Otro factor clave para potenciar los efectos de los estiramientos es el control de la respiración. Siempre que estemos en la fase del esfuerzo o la contracción del músculo debemos estar sacando el aire.

En el momento de máximo esfuerzo podemos incluso estar un par de segundos sin respirar o terminando de vaciar todo el aire. A medida que volvemos a la postura inicial y relajamos la musculatura también vamos inspirando.

De esta manera trabajaremos de manera más efectiva y saludable.

Otras recomendaciones previas

También es fundamental seguir los siguientes consejos antes de realizar los ejercicios:

  • Intentaremos hacerlos cada día a la misma hora si deseamos conseguir resultados visibles en un mes.
  • Los realizaremos durante 15 minutos y podemos ir alternándolos entre ellos, o fijar días diferentes para cada uno.
  • Iremos aumentando el tiempo y la intensidad de manera progresiva, estando atentas a la respuesta de nuestro cuerpo.
  • Evitaremos hacerlos justo después de comer.
  • Media hora después del ejercicio podemos comer una ración de proteína saludable, la cual nos ayudará a mejorar el estado del músculo.

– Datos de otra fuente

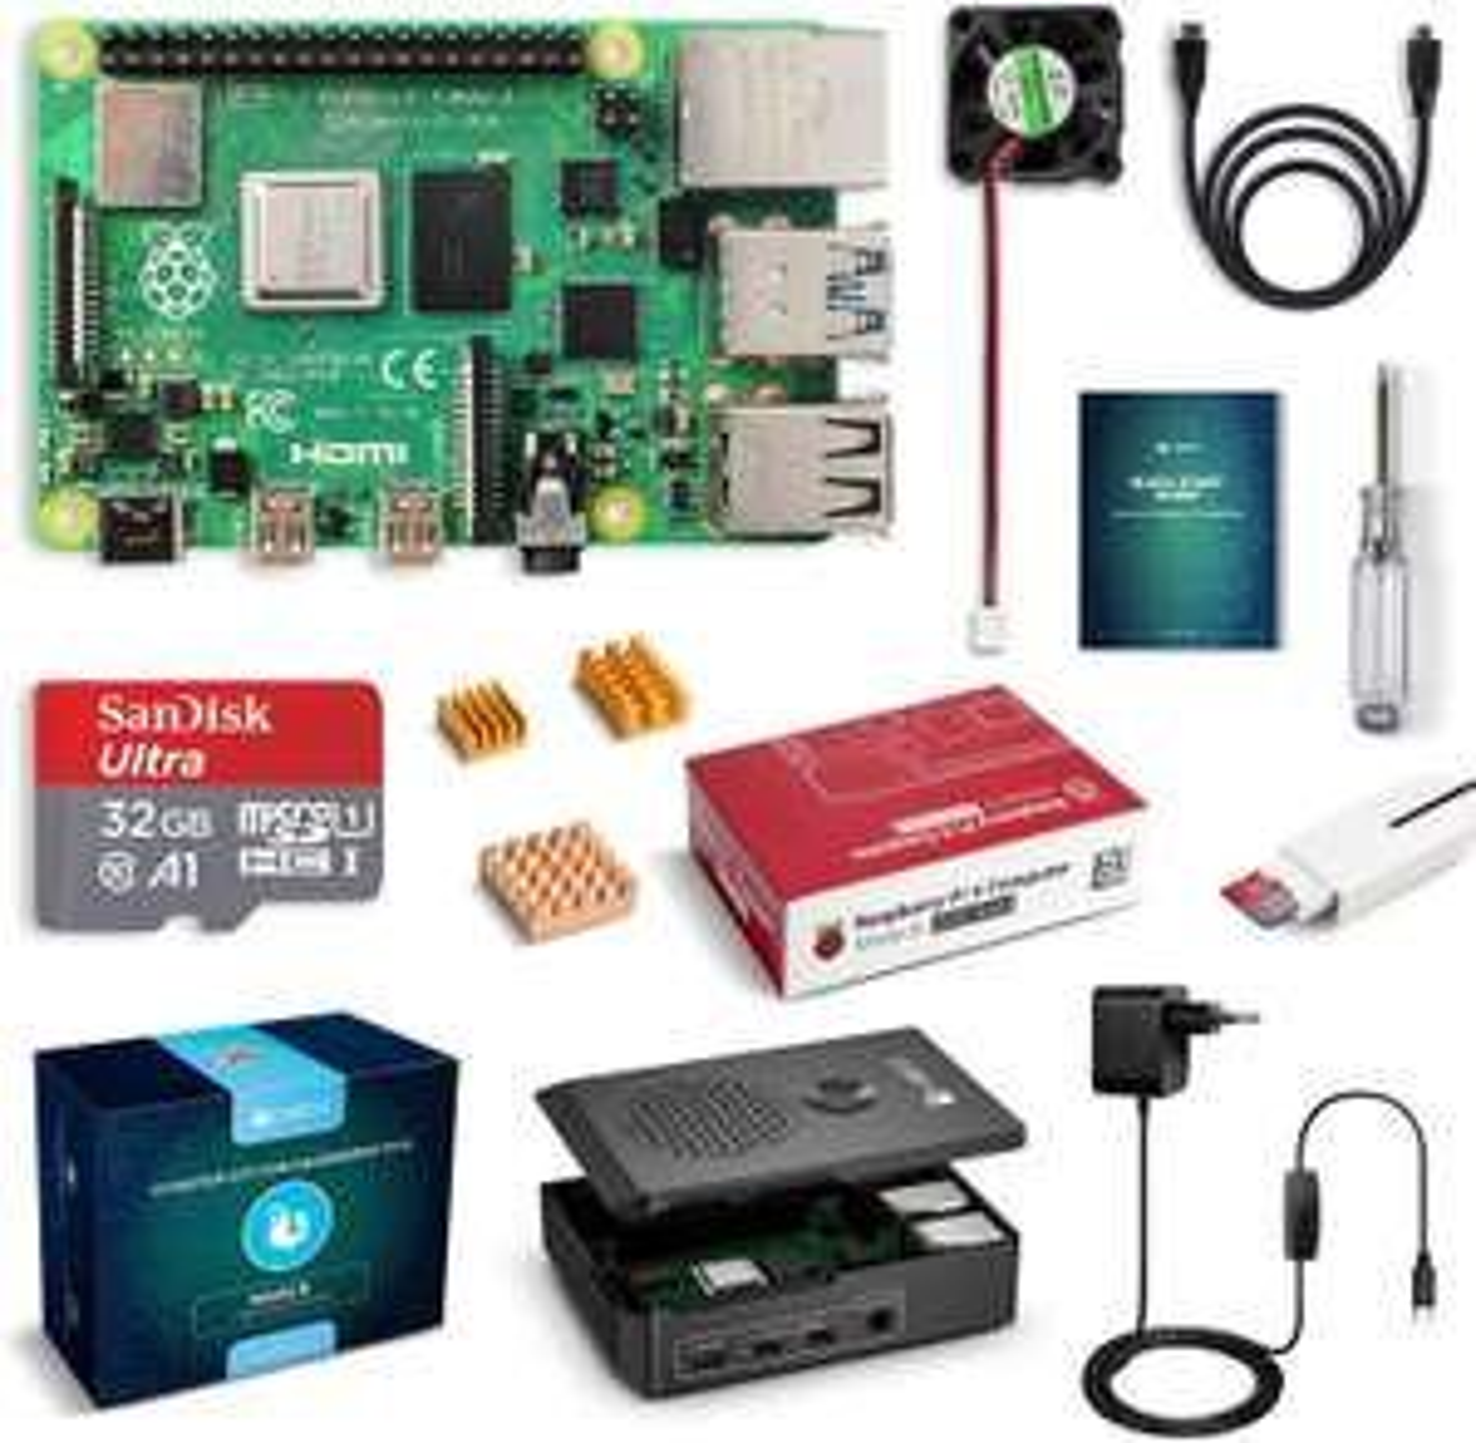 Raspberry Pi 4 Modell B 2GB Ultimatives Kit

Podemos consumir un puñado de frutos secos, un huevo duro, un batido energético, unas tortitas de avena, un trozo de queso, un yogur, etc.

Ejercicio 1

Las sentadillas son uno de los ejercicios más conocidos y nos permiten trabajar también las caderas y los muslos. Lo haremos de pie y, si lo deseamos, podemos apoyarnos en la pared.

En este caso los pies deberán estar a una distancia aproximada de uno o dos palmos.

¿Cómo las hacemos?

  • Separamos los pies, que queden situados proporcionalmente a las caderas, y doblamos las rodillas como si fuéramos a sentarnos, en dirección hacia el suelo, y vigilando de mantener siempre la espalda bien recta, el abdomen firme y sin que las rodillas sobrepasen los dedos de los pies.
  • Si lo estamos haciendo apoyadas en la pared, la espalda bajará y subirá recta, pegada a ella.
  • De manera simultánea llevamos los brazos hacia delante.
  • Poco a poco volvemos a levantar el cuerpo y a relajar los brazos.
Ejercicio 1

Ejercicio 2

Este ejercicio también es uno de los más habituales, ya que funciona de manera rápida y efectiva a la hora de conseguir unos glúteos más redondos y endurecidos.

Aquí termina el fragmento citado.